Во время своего долгого пребывания на поселении в Вилюйске (Иркутская губерния) Мачайский старательно изучал социалистическую литературу и пришел к выводу, что руководить рабочими должны не социал‑демократы, а новый класс «умственных рабочих», рожденных ростом индустриализации. Марксизм, как утверждал он в своем основном труде «Умственный рабочий», отражал интересы этого нового класса, который надеялся прийти к власти на плечах рабочих. В так называемом социалистическом обществе, заявлял он, частные капиталисты будут просто заменены новой аристократией из администраторов, технических экспертов и политиканов; работники, занятые физическим трудом, снова попадут в рабство правящего меньшинства, чьим «капиталом», образно говоря, было образование.

Мачайский считал, что радикальная интеллигенция не ставит целью создание бесклассового общества, а просто стремится обеспечить себе статус привилегированного слоя. И не стоит удивляться, что марксизм, вместо того чтобы призывать к немедленной революции против капиталистической системы, откладывал этот «крах» до будущих времен, когда экономические условия окончательно «созреют». По мере дальнейшего развития капитализма и усложнения технологии «умственные рабочие» станут достаточно сильны, чтобы устанавливать собственные правила. Если даже к тому времени профессиональная технократия отменит частную собственность на средства производства, по мнению Мачайского, «профессиональная интеллигенция» в силу своих специальных знаний завоюет монопольное положение, позволяющее управлять выпуском продукции и руководить сложной индустриальной экономикой. Управляющие, инженеры и политические функционеры будут пользоваться их марксистской идеологией как новой религией, опиум которой будет затуманивать мозги рабочих масс, держа их в постоянном невежестве и рабстве.

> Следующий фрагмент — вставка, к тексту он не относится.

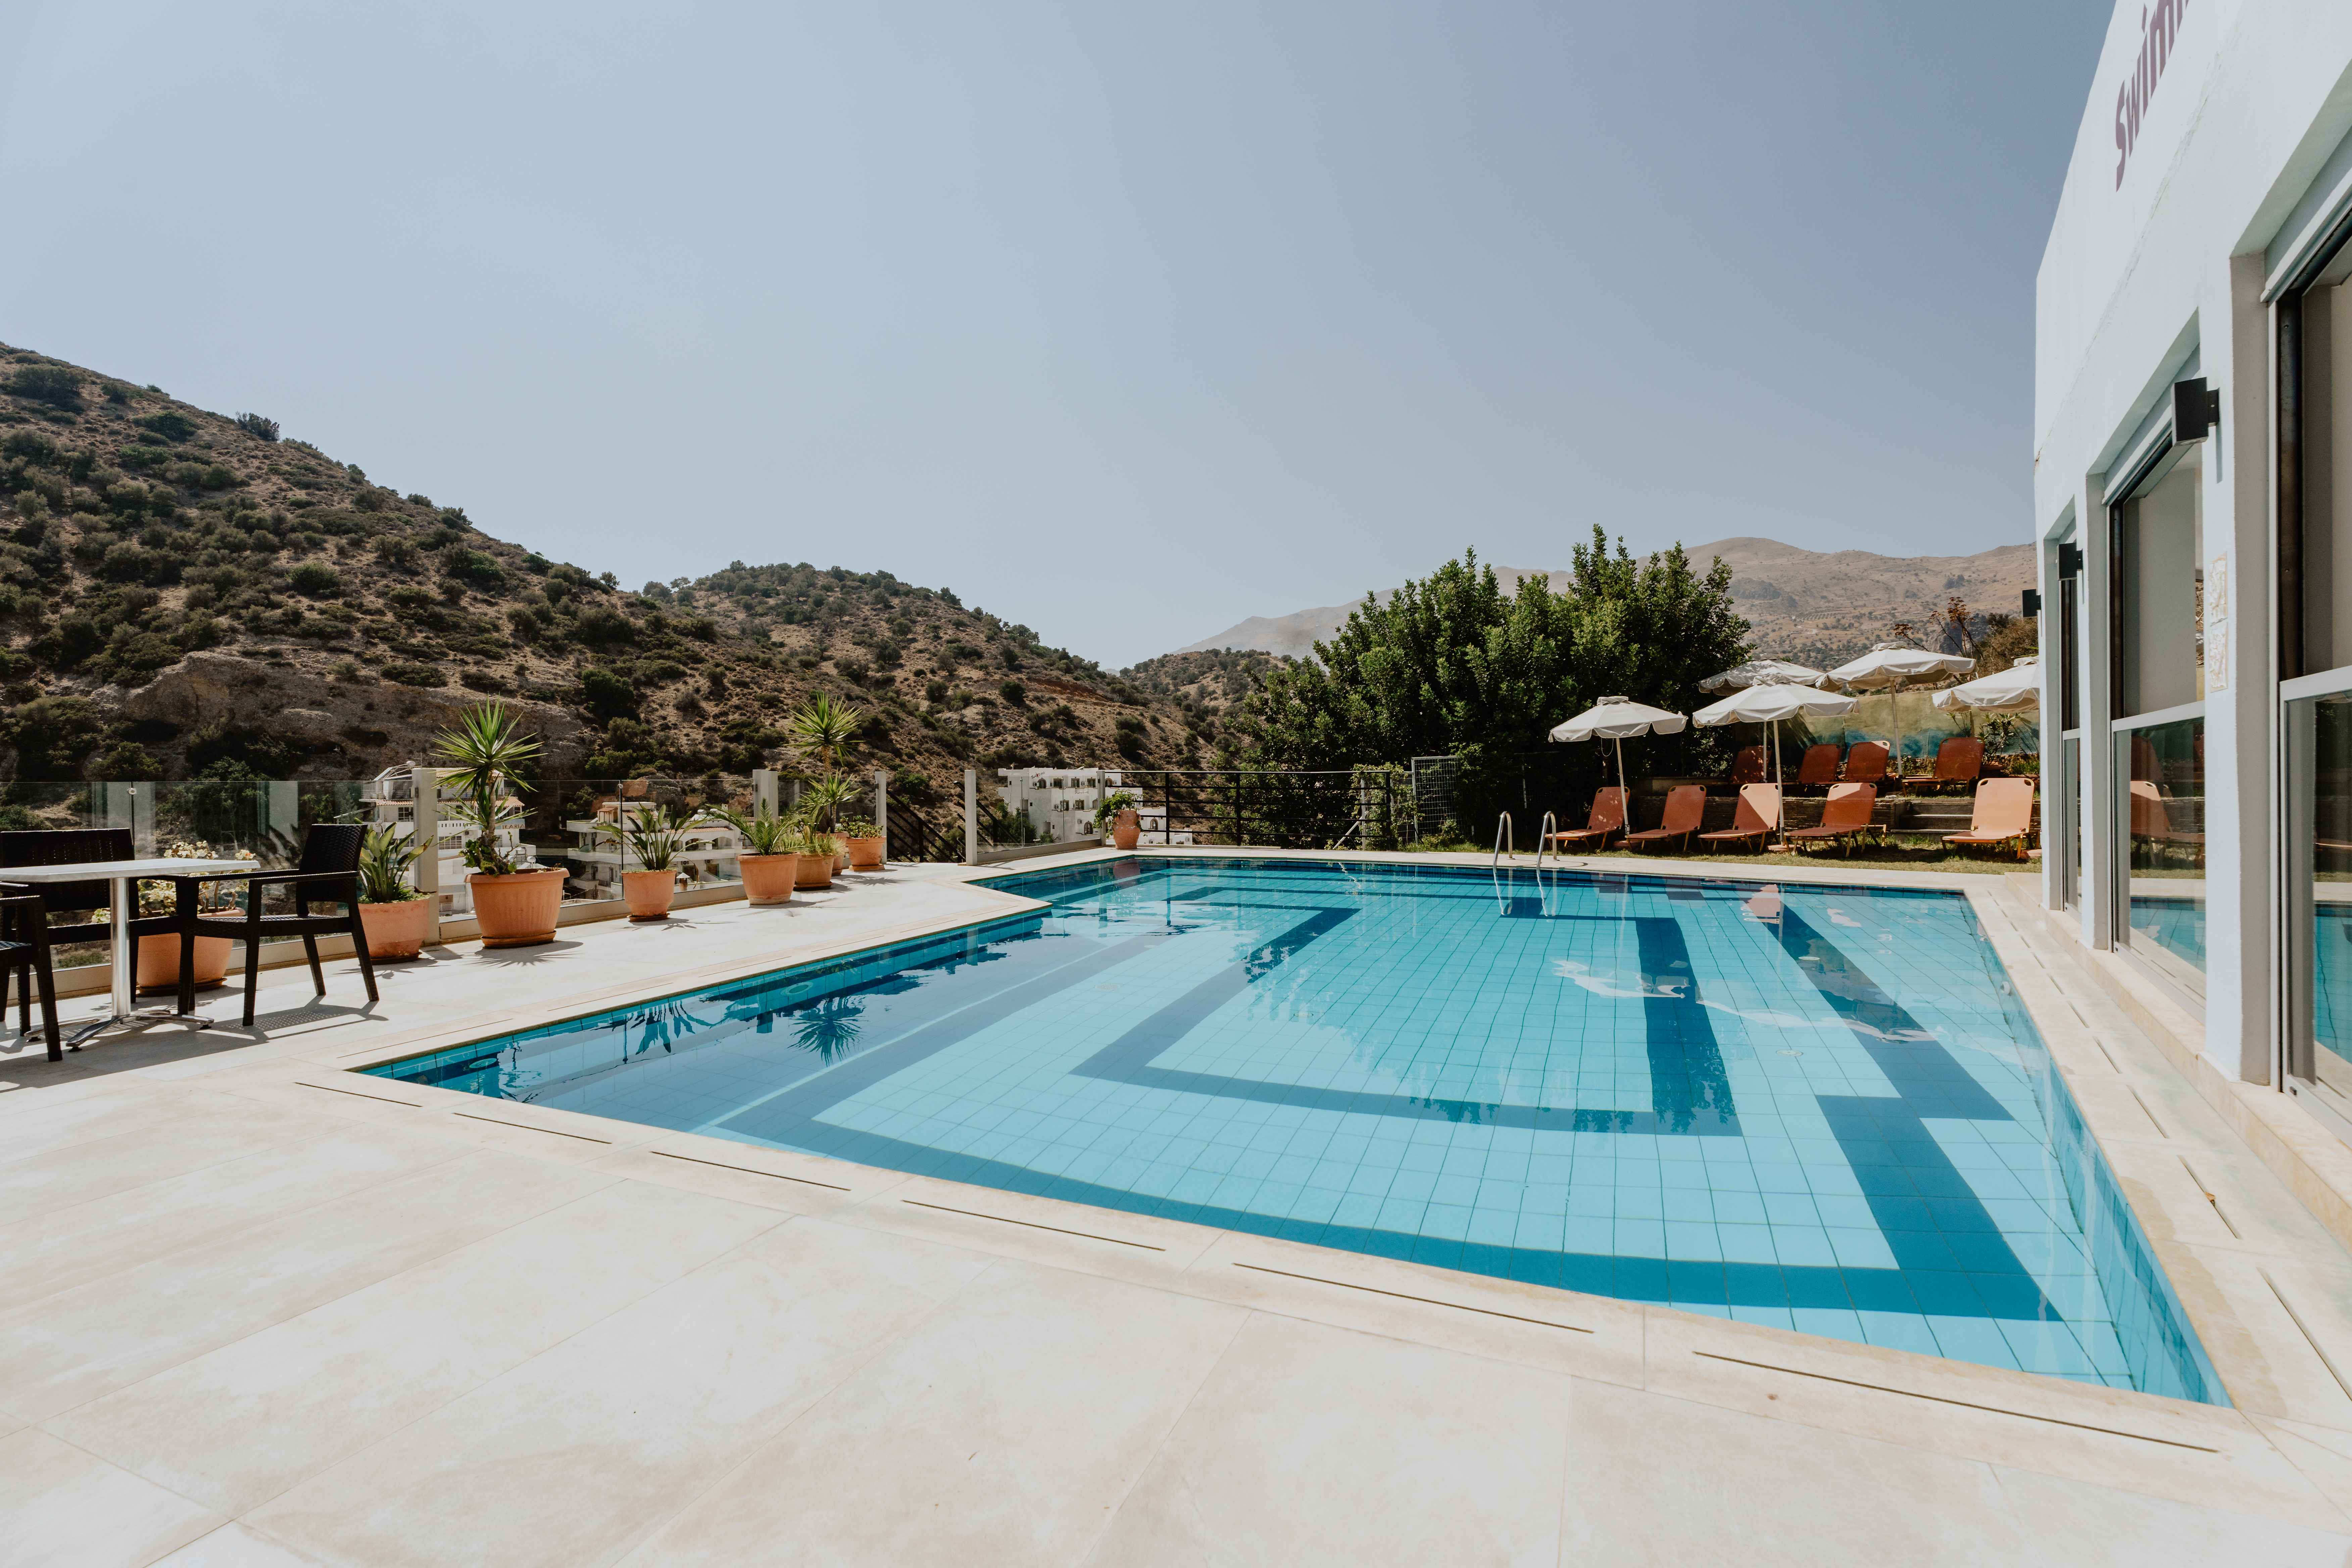 Petra Hotel Crete

Мачайский подозревал каждого сторонника левых взглядов в стремлении к созданию такой социальной системы, в которой интеллектуалы будут правящим классом. Он обвинял даже анархистов из группы Кропоткина «Хлеб и воля» в том, что те предпочитают «градуалистский», постепенный подход к революции, ничем в этом смысле не отличаясь от социал‑демократов, которые предполагали, что грядущая революция не пойдет дальше, чем французская революция в 1789 и 1848 годах. Что касается проекта анархистской коммуны Кропоткина, то Мачайский утверждал, что «только обладатели цивилизации и знаний» могут обрести радость подлинной свободы. «Социальная революция» анархистов, настаивал он, на самом деле означает не «чисто рабочее восстание», а фактически «революцию в интересах интеллектуалов». Анархисты были «теми же самыми социалистами, только более страстными».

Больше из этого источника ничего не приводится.